On a more positive tip for the Tigers, interim head coach Ed Orgeron confirmed that starting defensive lineman Davon Godchaux has been reinstated to the program and will be permitted to practice with his teammates. Whether he plays this Saturday remains to be seen. Godchaux had been arrested on a pair of charges stemming from a domestic incident over the weekend, but the prosecutor in the case announced Tuesday that he would not be filing formal charges.
Godchaux has started all four games this season (26 in his career) and is fifth on the team in tackles.
Three playing members of the Nebraska football program who knelt in protest during the playing of the national anthem Saturday faced significant — and some racially-charged — criticism for their actions, including one NU regent who wants the players removed from the program. The state’s governor, Pete Ricketts (pictured, right), was highly critical as well.
“Generations of men and women have died to give them that right to protest,” Ricketts said. “I think the way they chose to protest was disgraceful and disrespectful.”
One of the NU kneelers, senior linebacker Michael Rose-Ivey, took to Twitter to ask the governor to met with him and discuss the issues that led he and his teammates, freshmen Mohamed Barry and DaiShon Neal, to kneel in protest.
Late Tuesday night, Ricketts responded.
Imagine that, discussion, not rhetoric, on both sides of an issue. What a revolutionary concept.

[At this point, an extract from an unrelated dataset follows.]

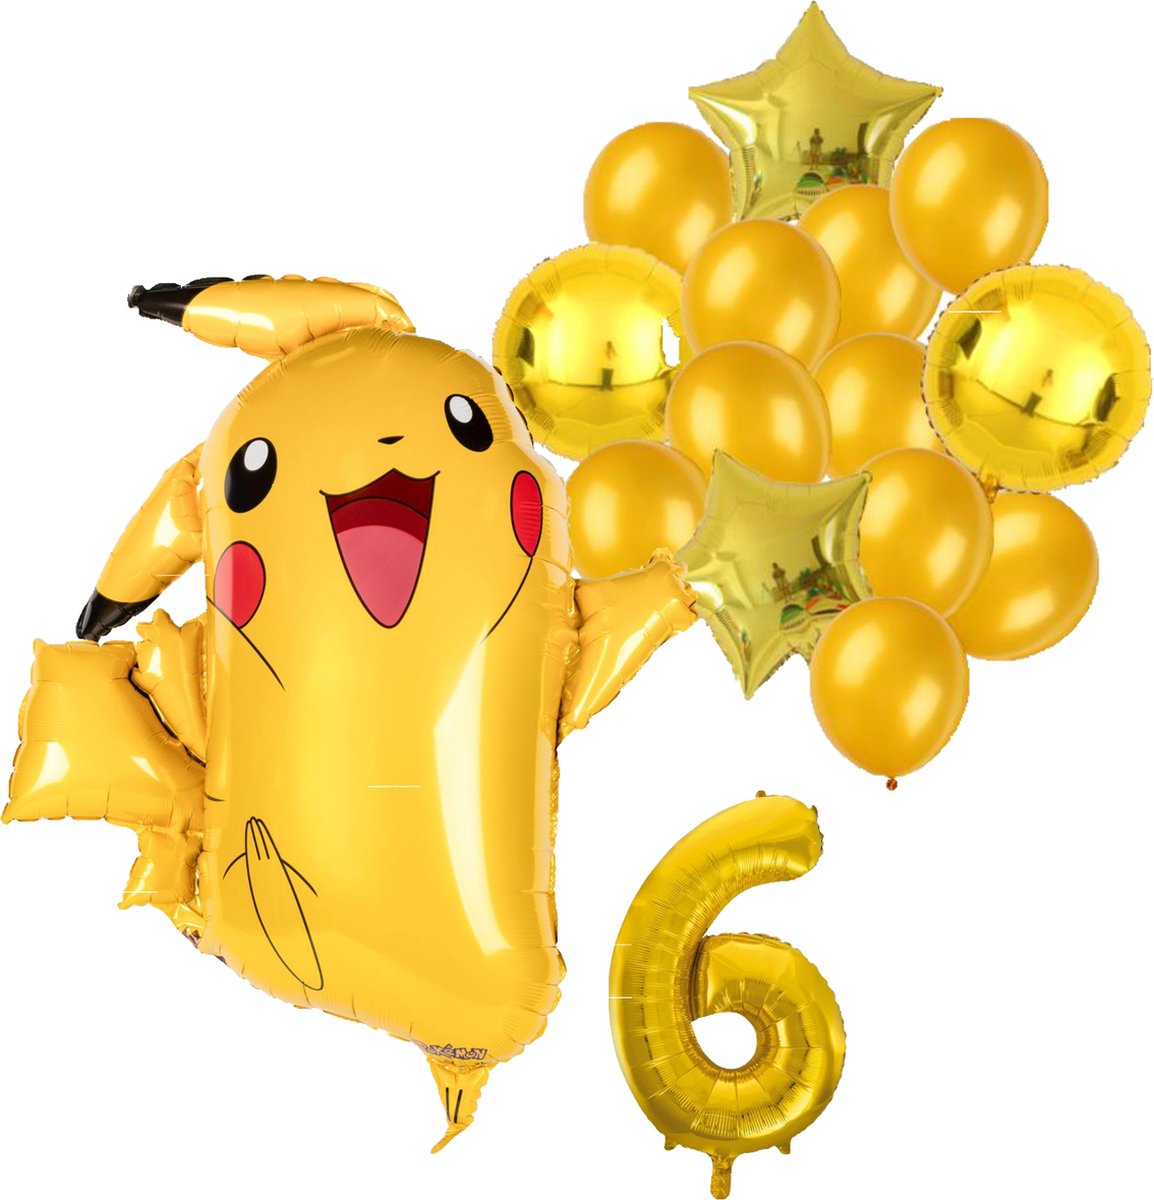 Pokemon ballon set - 62x78cm - Folie Ballon - Pokemon - Pikachu - Themafeest - Verjaardag - Ballonnen - Versiering - Helium ballon

In the eyes of some, Jimbo Fisher left the door open for a departure from Florida State in his first public comments since LSU fired Les Miles.
“I’m not talking about LSU. No I haven’t [had contact with the Tigers] and I’m not talking about it,” the head coach said Monday.
Two days later, Fisher, one of the wagering favorites to replace Miles, attempted to slam the door on a potential departure, although some will see his “plan on” qualifier as leaving the door propped open yet again.
“I love this university. I plan on being here for a long time,” Fisher said during Wednesday’s ACC coaches’ teleconference. “I love Florida State, and that’s all I’m saying. I’ll talk about myself and Florida State.
“Anything else is clutter, and does not concern me, and is not involving me.”
Fisher spent seven seasons (2000-2006) as the offensive coordinator and quarterbacks coach at LSU before leaving for the same jobs — and the added title of head coach in waiting — at FSU. Taking over for Bobby Bowden following the 2009 season, Fisher has guided the Seminoles to a 71-15 record in six-plus seasons, with 2013 ending with a national championship.
Last year as speculation centered on Miles’ tenuous status, Fisher was mentioned as a potential candidate then as well. In fact, some reports had Fisher “intermediaries” in talks with LSU, although, obviously, nothing ever came of it if it indeed actually happened.